== Data below ==
[Start of section]

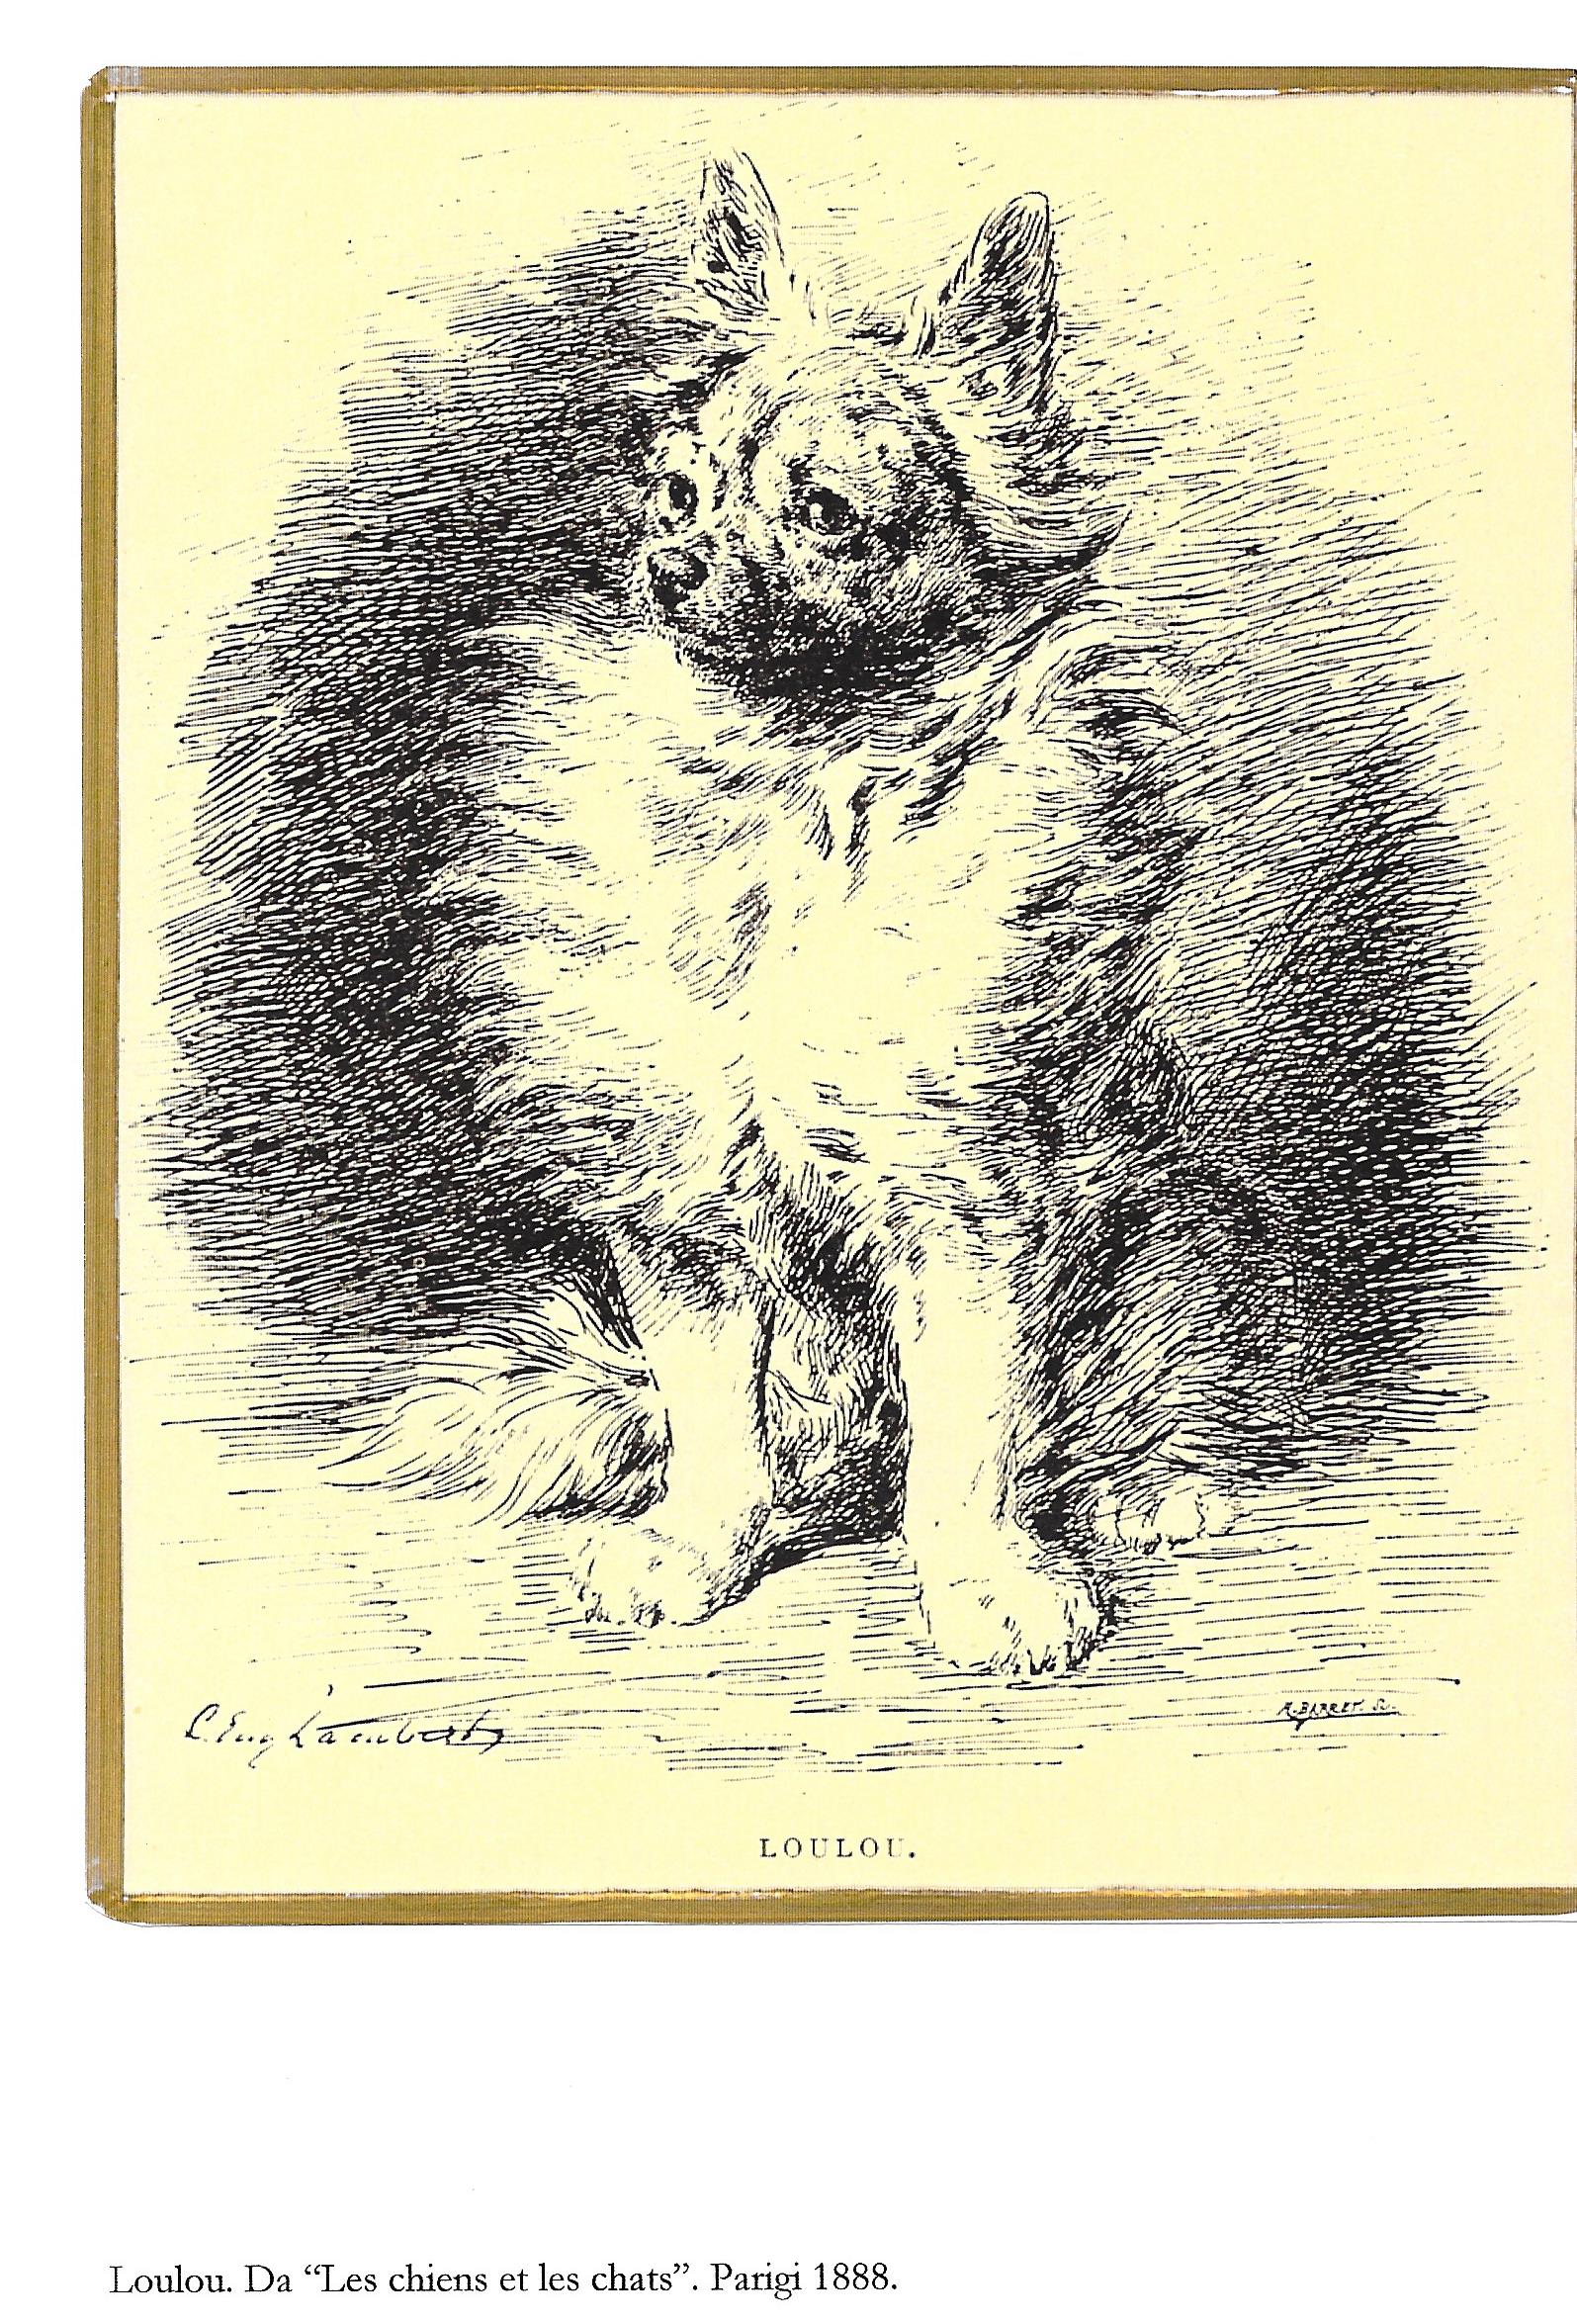 12 Loulou. Da "Les chiens et les chats". Paris 1888
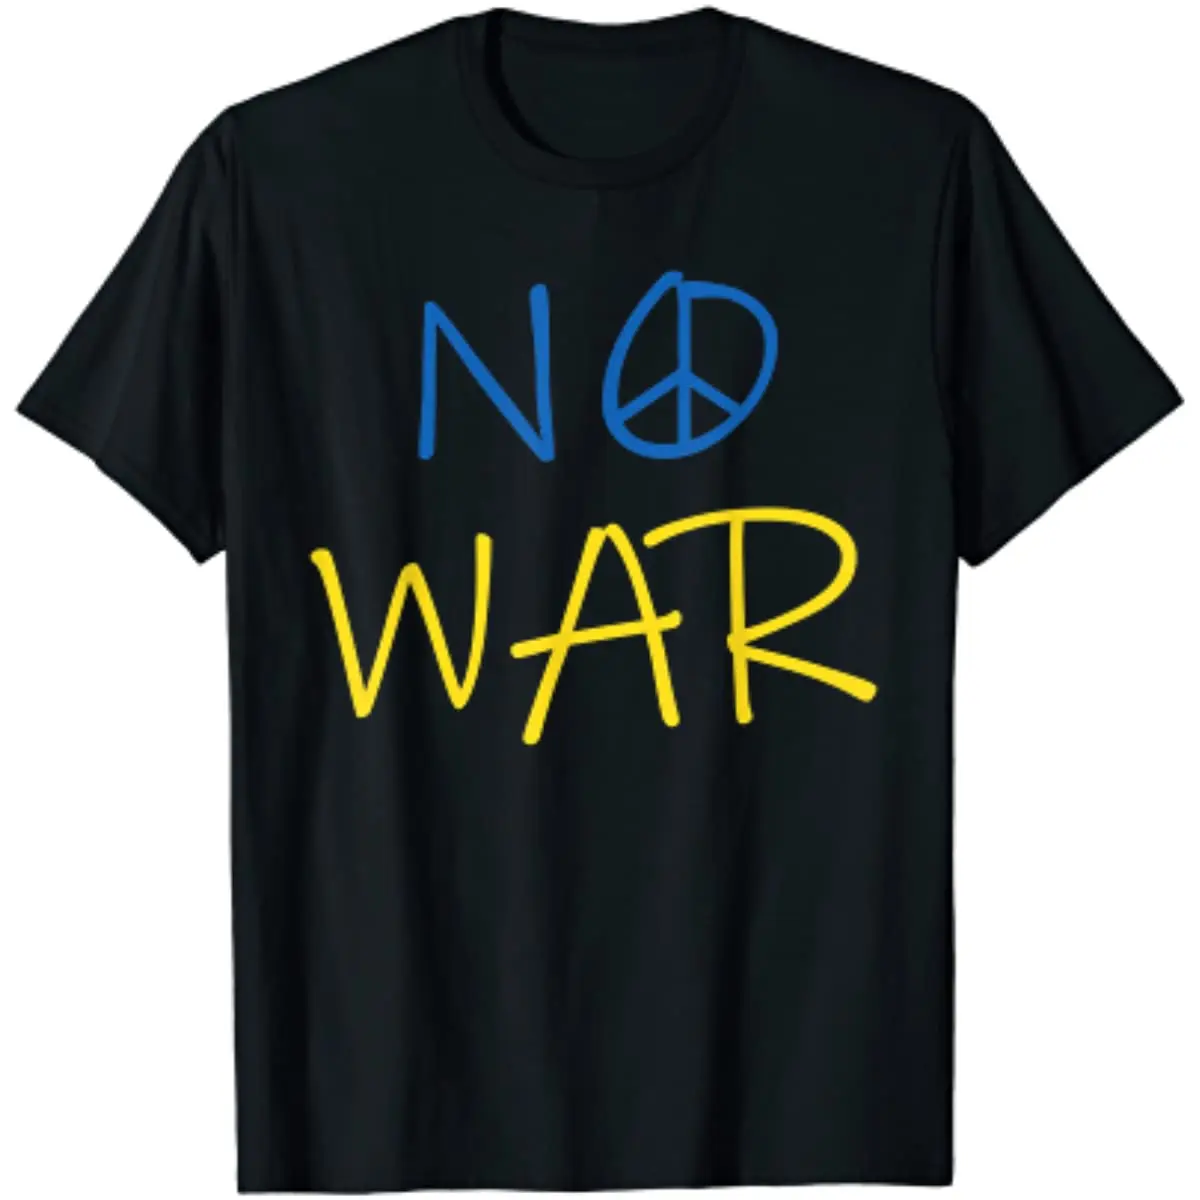 

Peace Women Men T-Shirt No War Mens T Shirts Graphic T Shirts Casual Cotton Daily Four Seasons Tees Men Clothing T Shirts
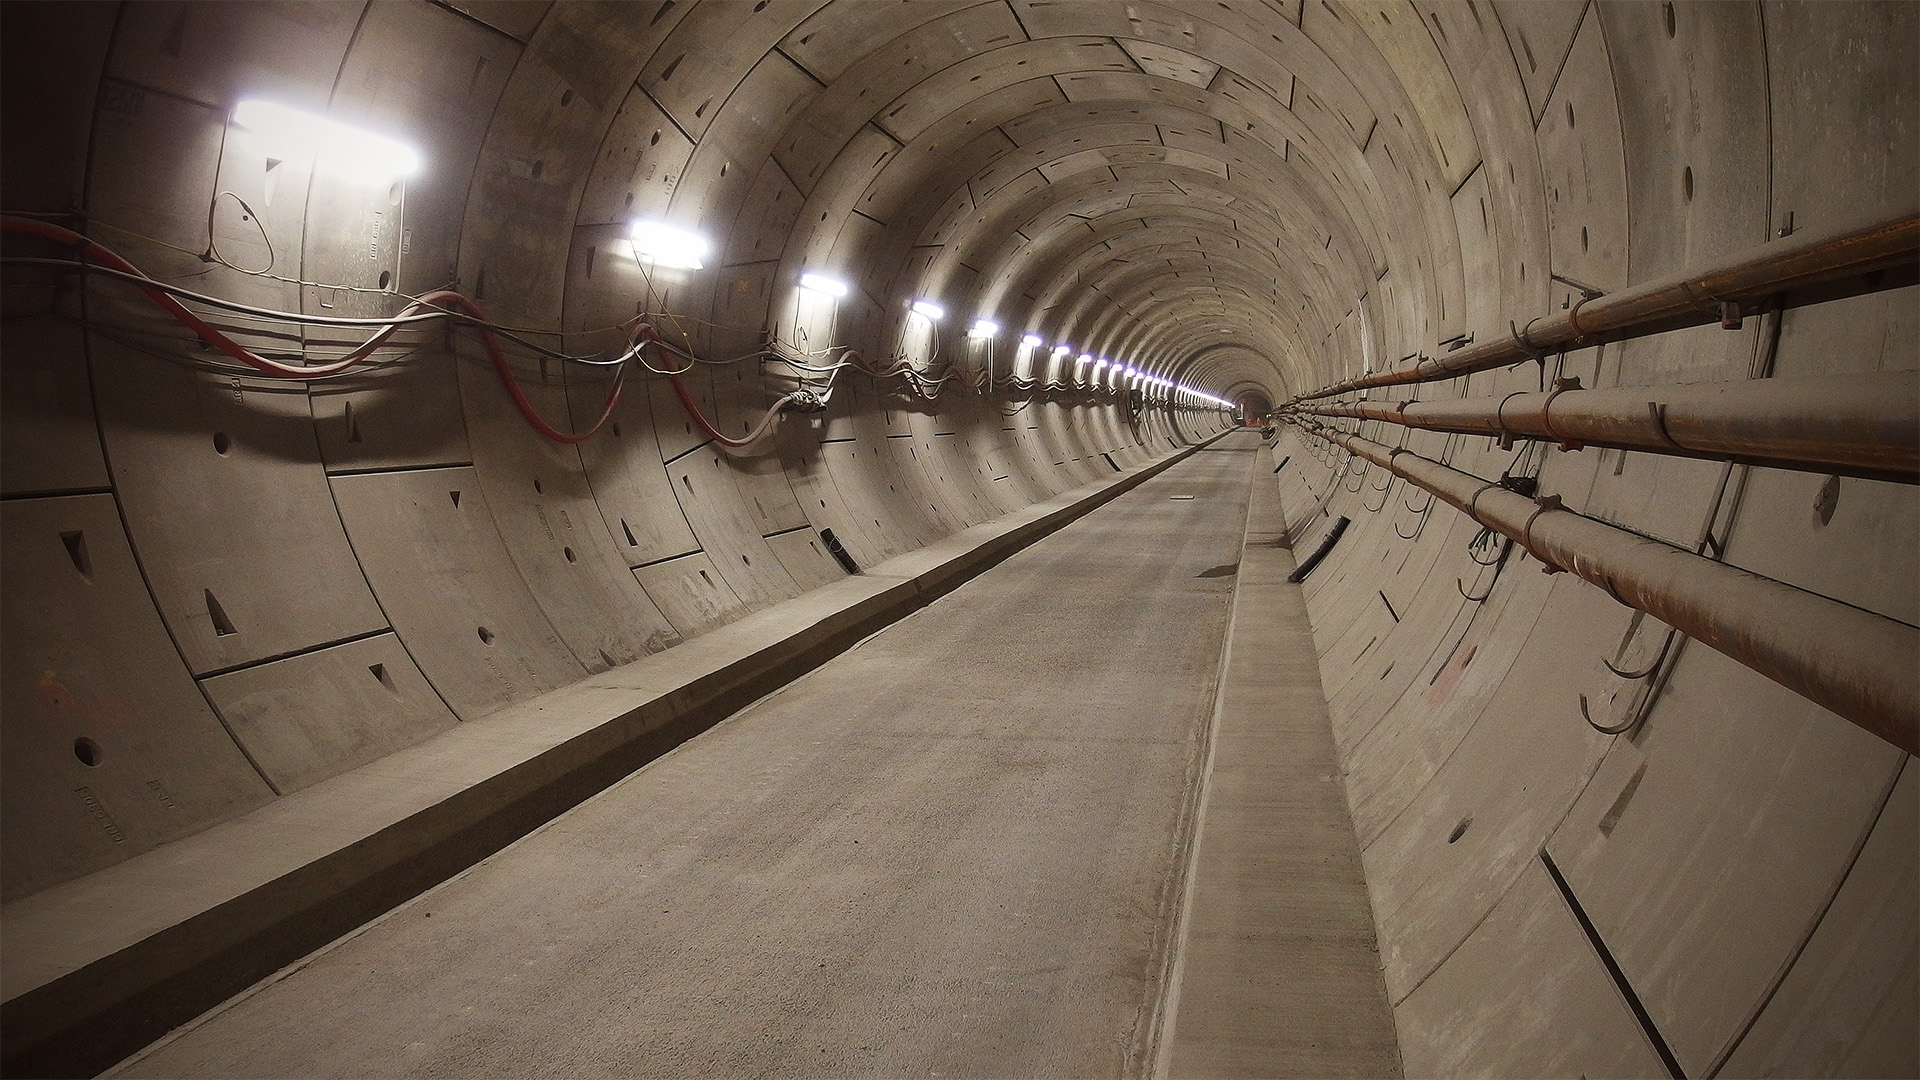 A straight tunnel climbs steadily towards a dark portal

[End of section]

== Work to be completed ==
The whole listing must be transcribed exactly. No pictures belong in the copy.

== Exercise response ==
 12 Loulou. Da "Les chiens et les chats". Paris 1888

Peace Women Men T-Shirt No War Mens T Shirts Graphic T Shirts Casual Cotton Daily Four Seasons Tees Men Clothing T Shirts
 A straight tunnel climbs steadily towards a dark portal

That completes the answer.